Easy out. Drill into the bolt. The easy out has reverse threads so as you tighten it into the bolt you will be turning the bolt counterclockwise.


----------



## Randy Bush (Dec 9, 2020)

Take a steel drift pin and hammer on the end of the bolt than buy a new quality socket and see if that will work. Being a head bolt , harden steel and will be hard to drill and I am not sure a easyout will even work.


----------



## HotRodx10 (Aug 24, 2017)

This sounds like a job for Superman Vicegrips.


----------



## Thom Paine (Nov 24, 2021)

The bolt head is rounded ? How'd that happen ? 

You'll need to square the edges or cut new ones... 

Heat from the cutting / grinding may act to loosen the bolt. 

Use a torch to heat the bolt.

Rapidly Hit the bolt heads with light to medium force to break loose (ball peen)

Air chisel with a flat shank .. to hit and vibrate the bolt.

Aluminum heads ? Be cautious !


----------



## Randy Bush (Dec 9, 2020)

A 12 point socket has to be used on this, that's why it is very important a new socket be used. Not sure heating will help much, a lot of heat needed to reach the threads.


----------



## raylo32 (Nov 25, 2006)

First try vise grips. There are also many damaged nut sockets out there that claim to be able to grip almost anything. But it might be hard to find one that fits right and tight enough. One other option: take an angle grinder or Dremel... or better, a small air grinder, and shape the nut to accept a 6-point socket. Do it slowly test fitting your socket along the way. When it is close, hammer it on and give it a go.

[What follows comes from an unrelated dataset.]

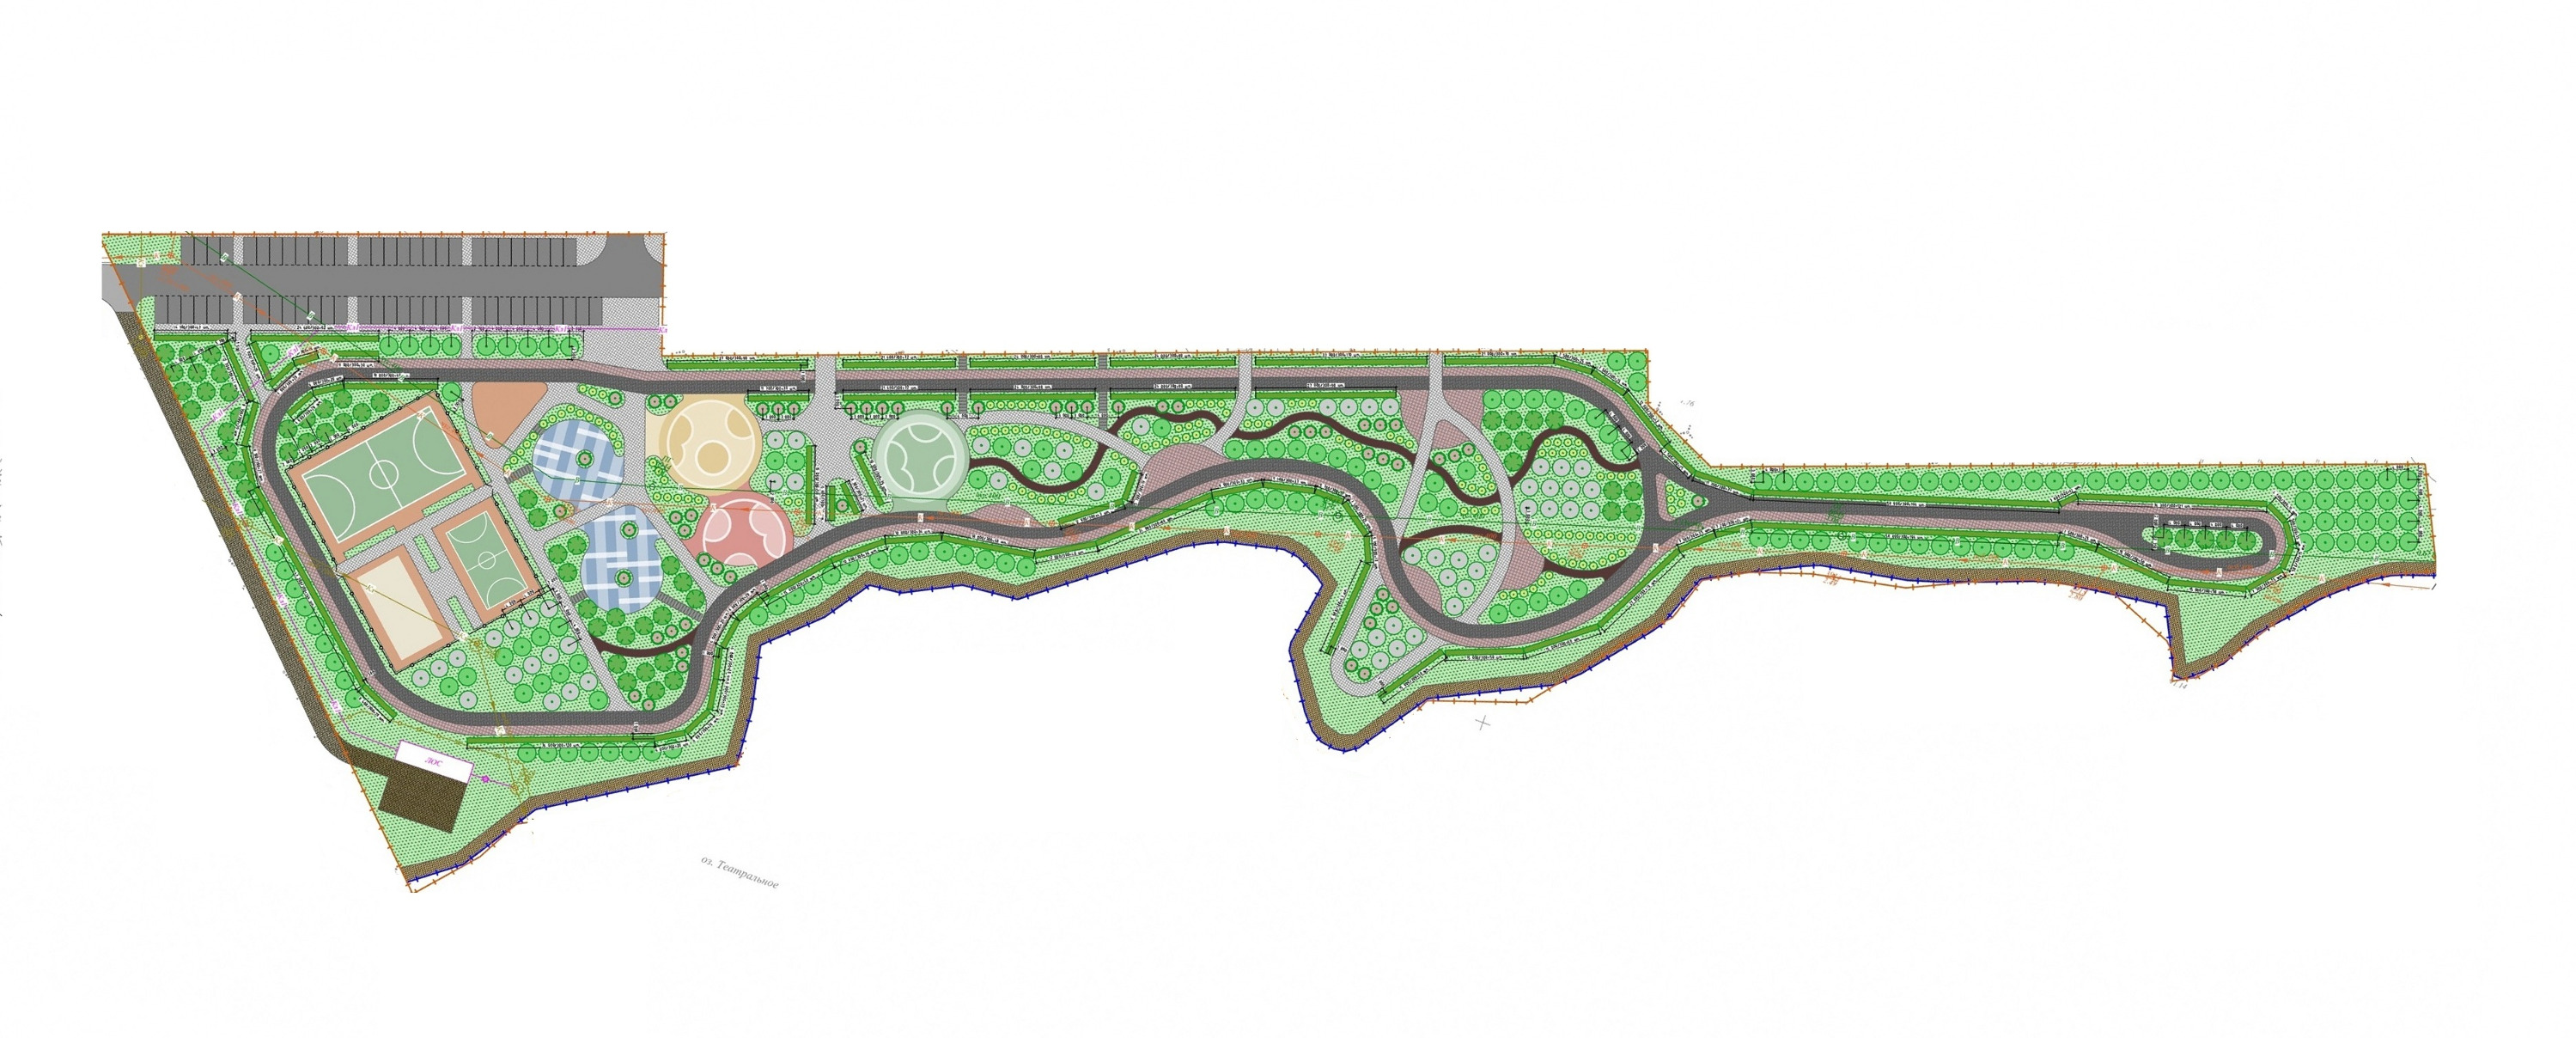 Схема будущего парка

Last resort, grind/cut the bolt head off and remove the cylinder head. Then it would be easy to spray penetrating oil in the stub and grab it with vice grips.

Good luck.


----------



## huesmann (Aug 18, 2011)

Unlikely to be able to get vise grips in there.








Might a bolt extractor work?


----------



## HotRodx10 (Aug 24, 2017)

huesmann said:


> Unlikely to be able to get vise grips in there.


Yeah, if it's like that, you're probably right.


----------



## raylo32 (Nov 25, 2006)

Yup, that's the type of tool I was referring to. I have a set around here somewhere, but I haven't had occasion to try them yet. I will try them one of these days on the smaller bolts of my transmission oil pan whose heads are too rusty to take a chance with just standard sockets. I got these removal tools to "be prepared".




huesmann said:


> Unlikely to be able to get vise grips in there.
> 
> Might a bolt extractor work?
> View attachment 693735


----------



## Nealtw (Jun 22, 2017)

The old trick was to set a bigger nut on top of it and weld down thru the center of the nut to the top of the bolt. 
The head is likely warped.


----------



## sestivers (Aug 10, 2007)

Is there enough stud length available to put a thin nut and then a thin jam nut on? then you can extract with a regular socket head.


----------



## huesmann (Aug 18, 2011)

Tap what's left of the bolt head with a reverse thread tap and put a reverse thread nut on?

And soak the bolt in some penetrant (_not_ WD-40) before you try removing it?


----------



## raylo32 (Nov 25, 2006)

Looks like the OP is another one post wonder so we will never know how this turned out. I hate it when that happens!


----------